### Source data
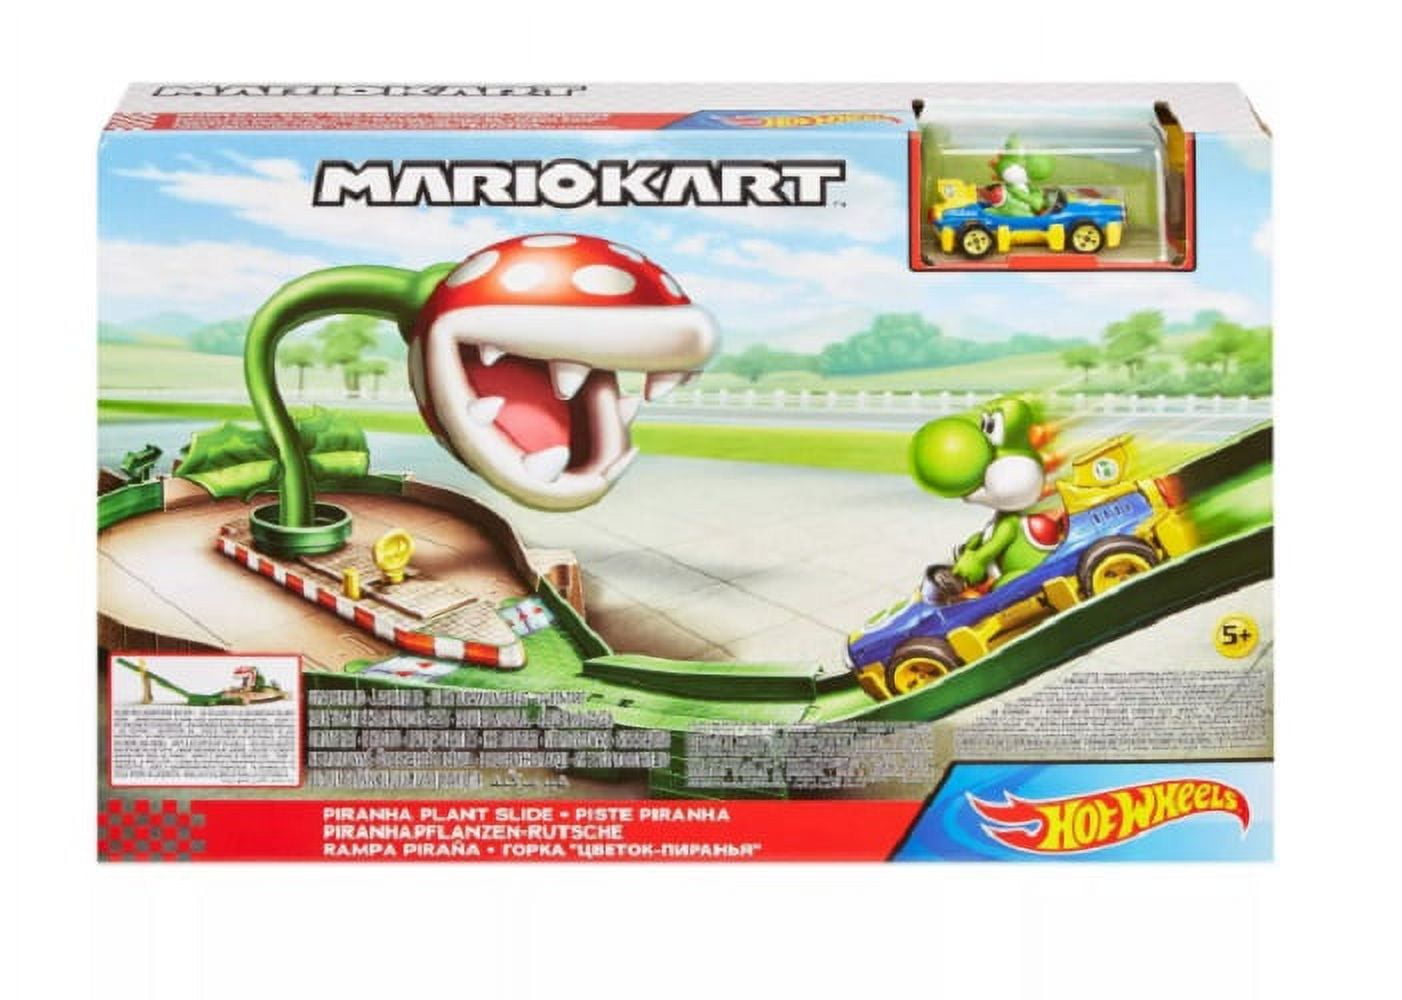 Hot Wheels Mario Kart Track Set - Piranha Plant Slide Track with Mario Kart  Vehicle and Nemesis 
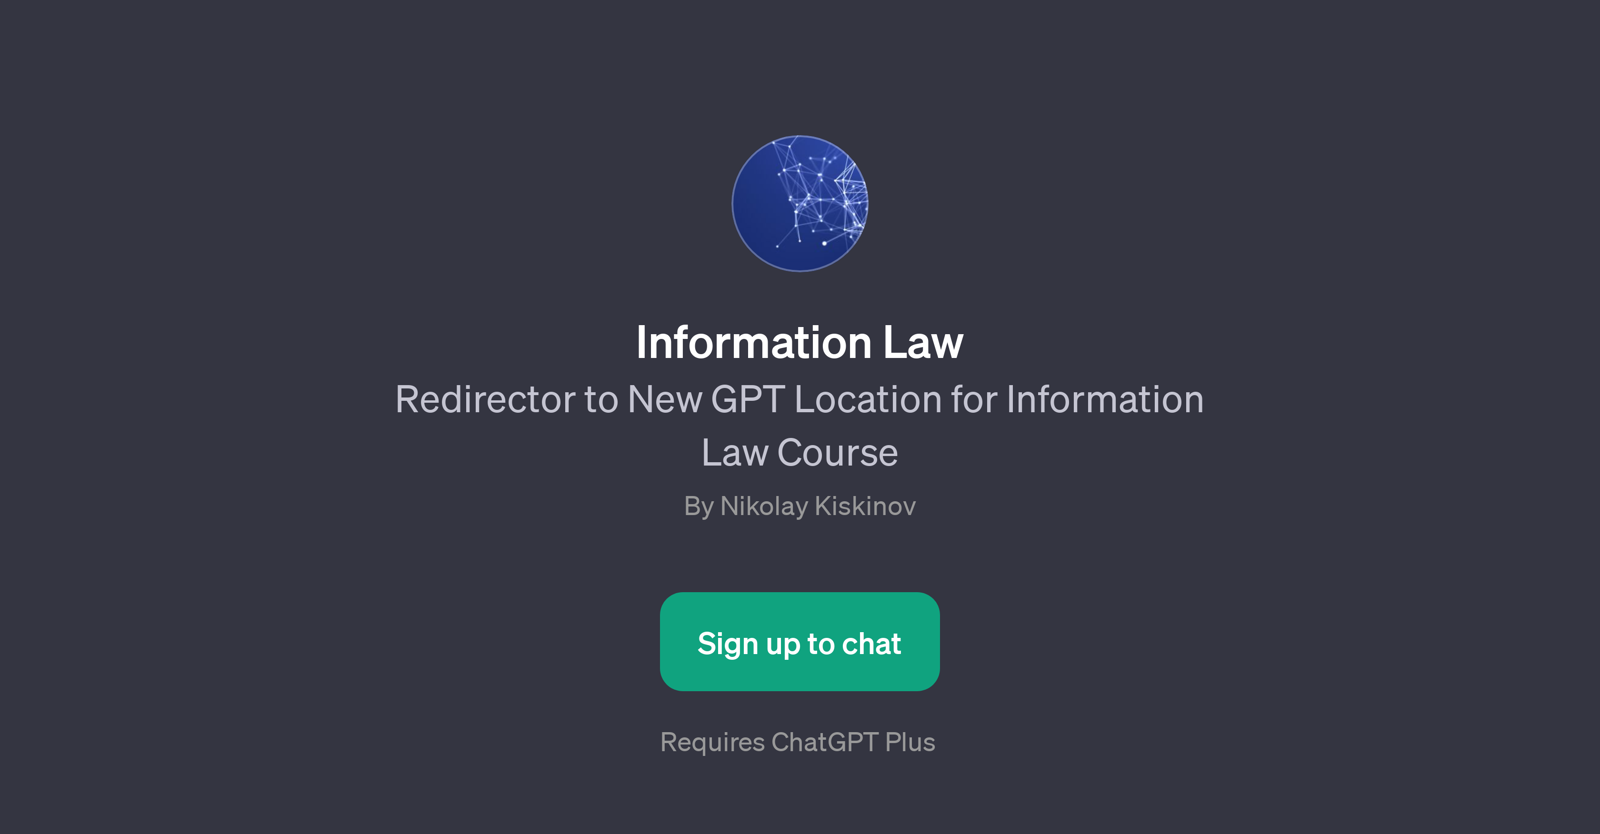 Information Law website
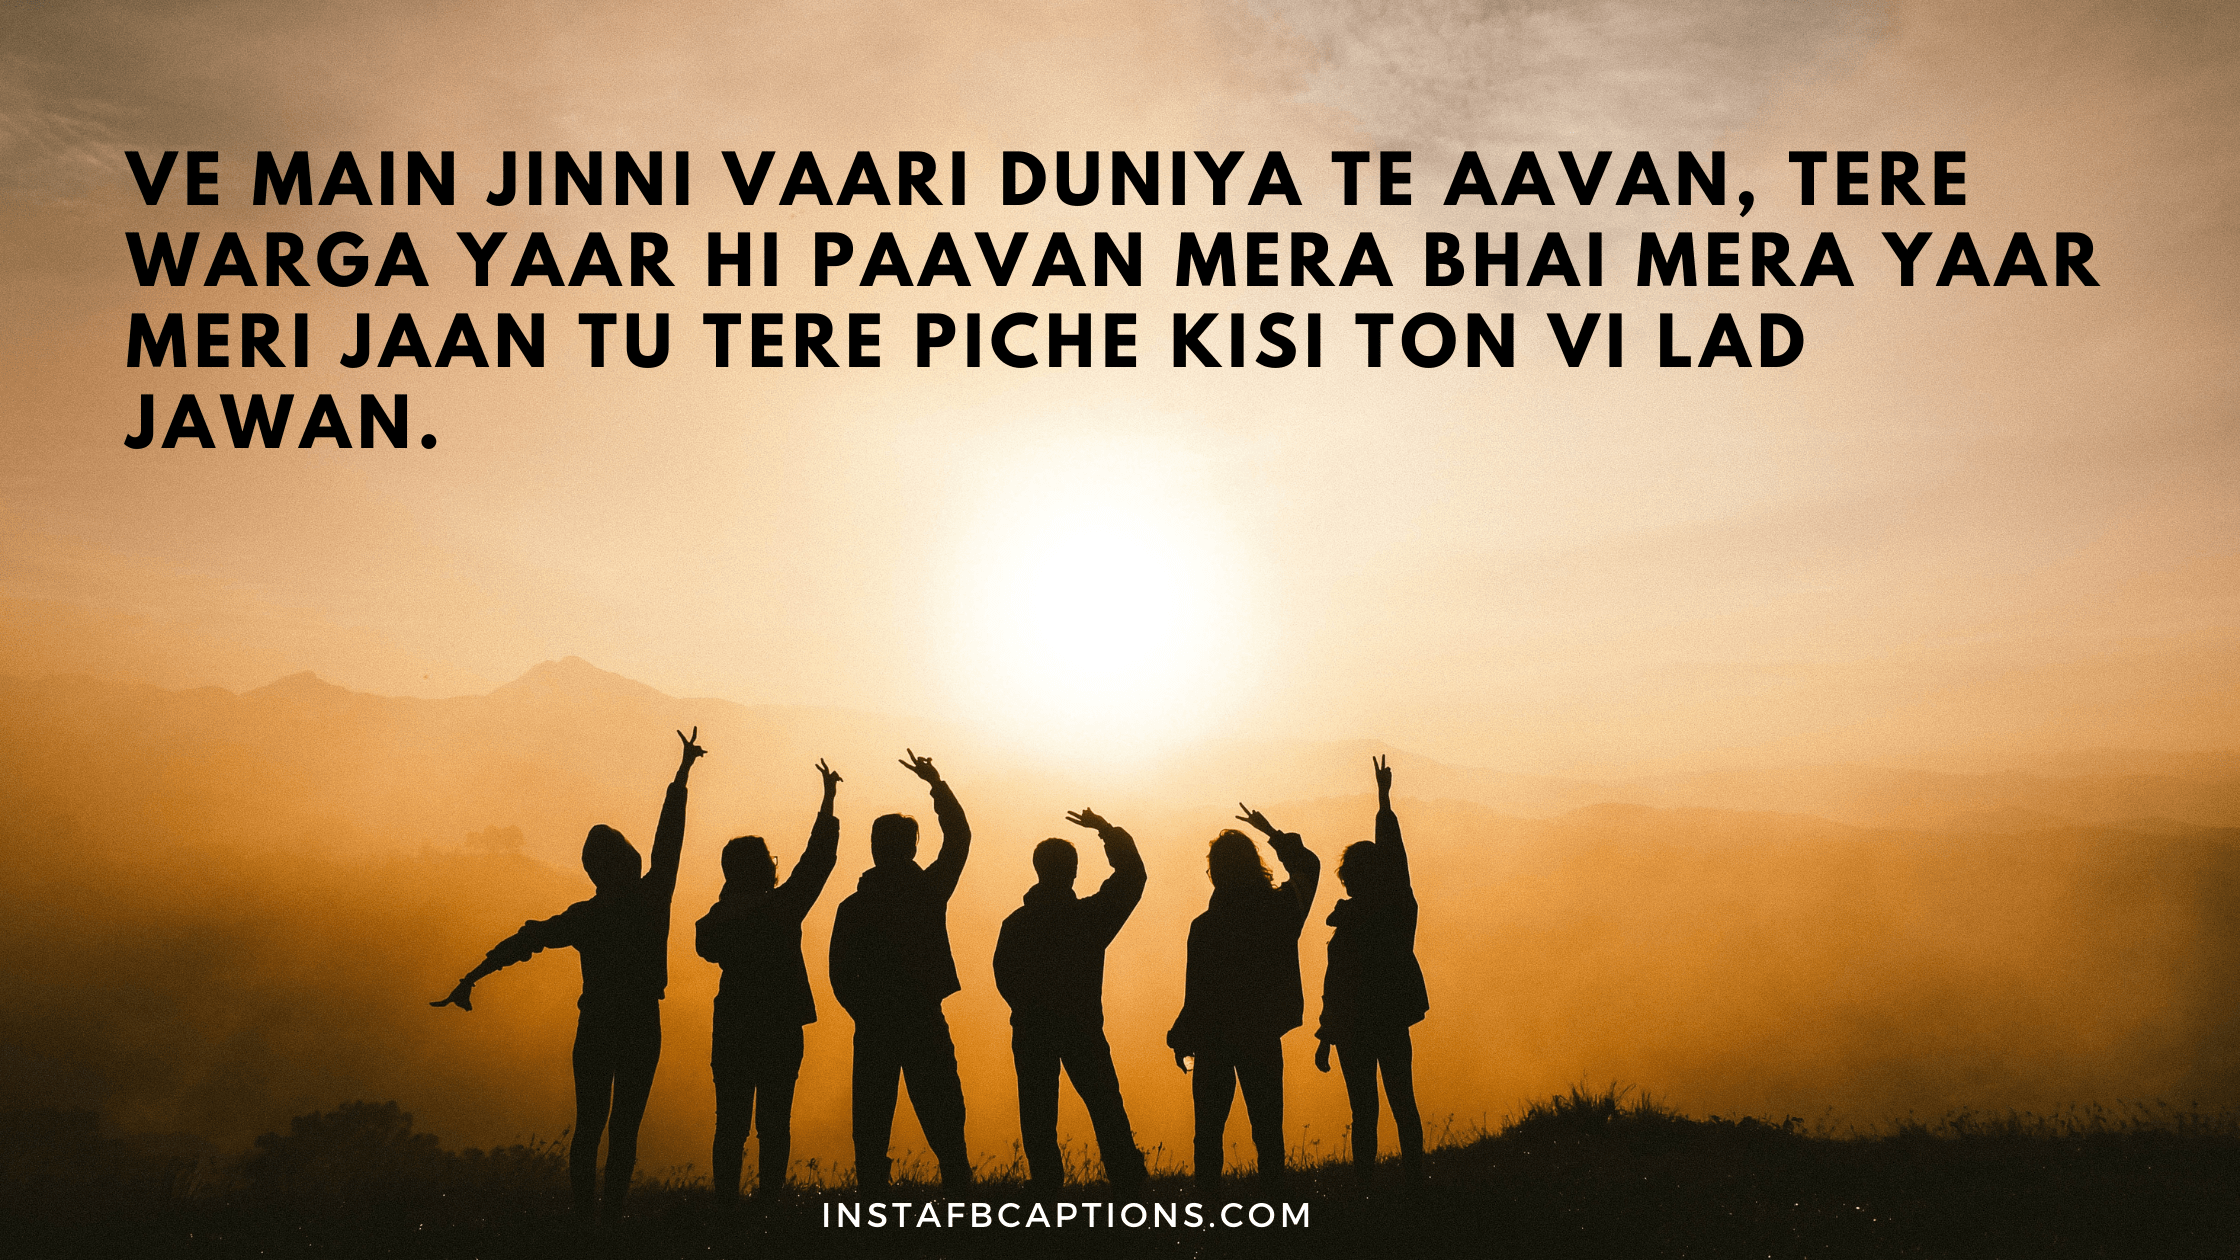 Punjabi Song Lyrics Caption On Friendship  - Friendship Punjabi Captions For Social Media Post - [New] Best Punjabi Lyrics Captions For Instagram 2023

### What is being asked
Copy the listing in full and without alteration, omitting every picture.

### Exercise output
 Hot Wheels Mario Kart Track Set - Piranha Plant Slide Track with Mario Kart  Vehicle and Nemesis 
 Information Law website
 Punjabi Song Lyrics Caption On Friendship  - Friendship Punjabi Captions For Social Media Post - [New] Best Punjabi Lyrics Captions For Instagram 2023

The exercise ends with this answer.